Photo: iStock
Photo: iStock

A private Trust is not for ever—it should specify when the Trust will terminate

Under the Transfer of Property Act, 1882 and also the Indian Succession Act, 1925, a private Trust cannot continue indefinitely

I am unable to continue my medical store business (running in rented premises) due to my advanced age. So I want to continue the medical store through a Trust for the benefits of both of my daughter’s sons (the only Trust for them). The trustee will be my daughter, her husband and the trustworthy manager of my medical store (who is running my medical store business for the last 9 years). The Trust will be revocable and discretionary and will be the only Trust created by me. How can I create it through my Will? My daughter and her husband both are in government jobs. What will be the format of the Will and the Trust deed in this case?

—Kalawati Sinha

I understand that you intend to create a private Trust for the benefit of your grandchildren through your Will, which would take effect after your demise. For the purpose of creating the Trust, your Will should clearly set out (i) your intention of creating the Trust, (ii) the purpose or object of creating the Trust, (iii) the beneficiaries of the Trust and (iv) the assets/Trust (that is, your business of the medical store) that will be settled in the Trust.

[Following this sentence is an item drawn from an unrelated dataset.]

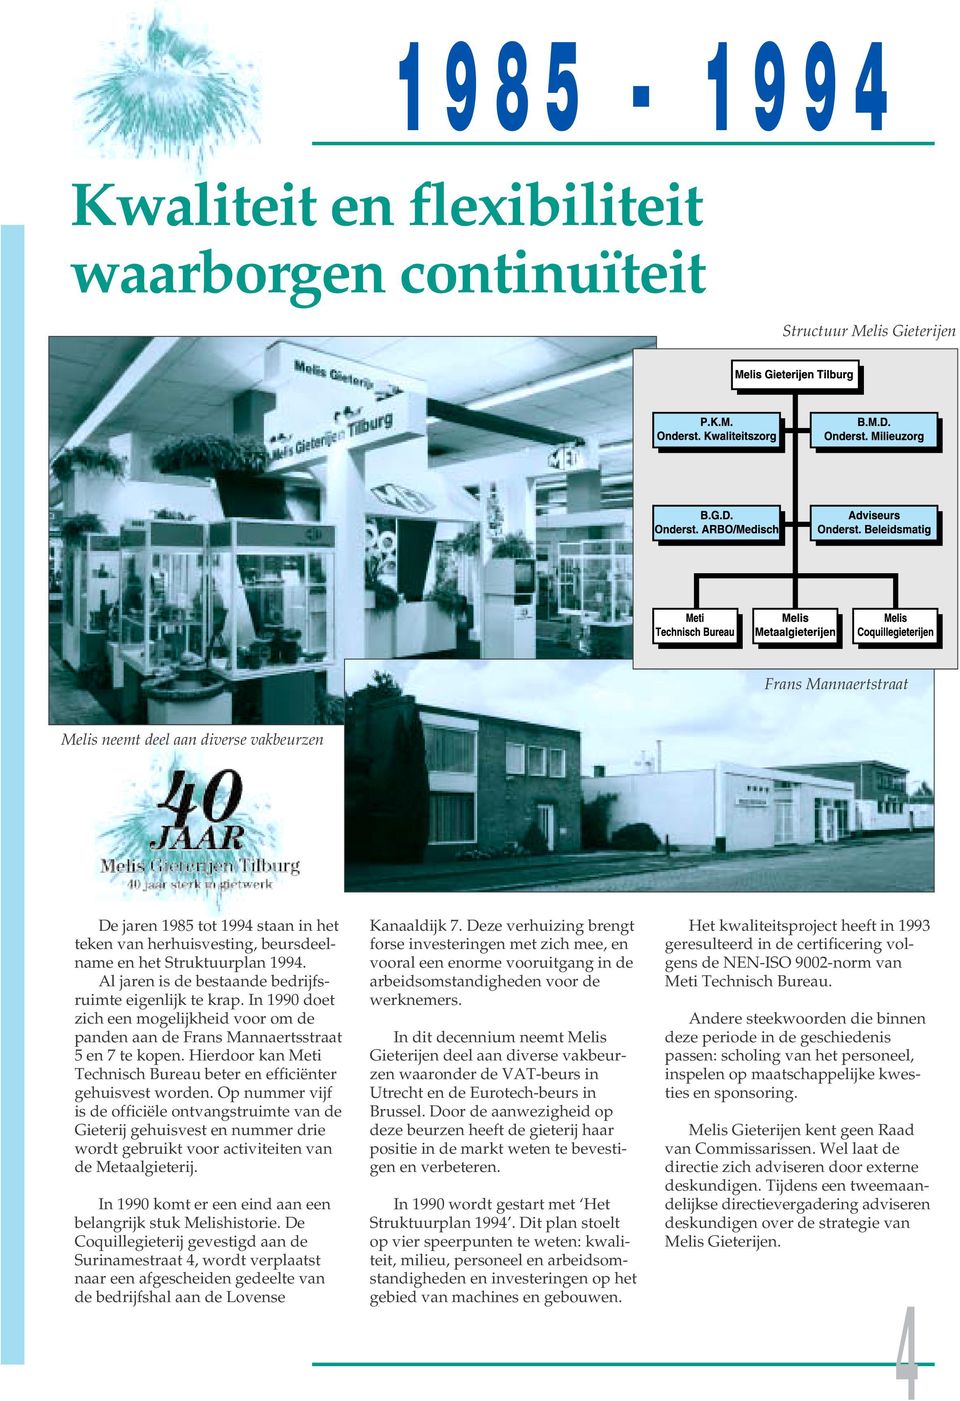 In 1990 doet zich een mogelijkheid voor om de panden aan de Frans Mannaertsstraat 5 en 7 te kopen. Hierdoor kan Meti Technisch Bureau beter en efficiënter gehuisvest worden.

Also, you would need to appoint your daughter, son-in-law and your manager as the trustees of your Trust (since you intend for them to be the first trustees) and also state the manner in which vacancies would be filled. On your death, your executor will have to ensure the transmission of your business (which I understand will be transmitted as a going concern to the extent possible under applicable laws, since some licences relating to the business may not be transferable without the consent of concerned authorities), to your trustees who will then run the business in Trust for your beneficiaries.

Also, please consider providing for the duties, powers, functions of the trustees, including the manner in which the trustees would take decisions and also how their discretion will be exercised with regard to distribution of the income and corpus of the Trust. The objects of the Trust should include the carrying on of the business for the benefit of the beneficiaries.

You must note that under the Transfer of Property Act, 1882 and also the Indian Succession Act, 1925, a private Trust cannot continue indefinitely and is liable to terminate after the maximum period specified therein. Therefore, please state the period of the Trust and how the assets will be distributed on the termination/expiry of the trust.

Please note that since the trust is being created under your Will, your Will should be duly executed as per the provisions of the Indian Succession Act, 1925. The trust will take effect from the date of your death.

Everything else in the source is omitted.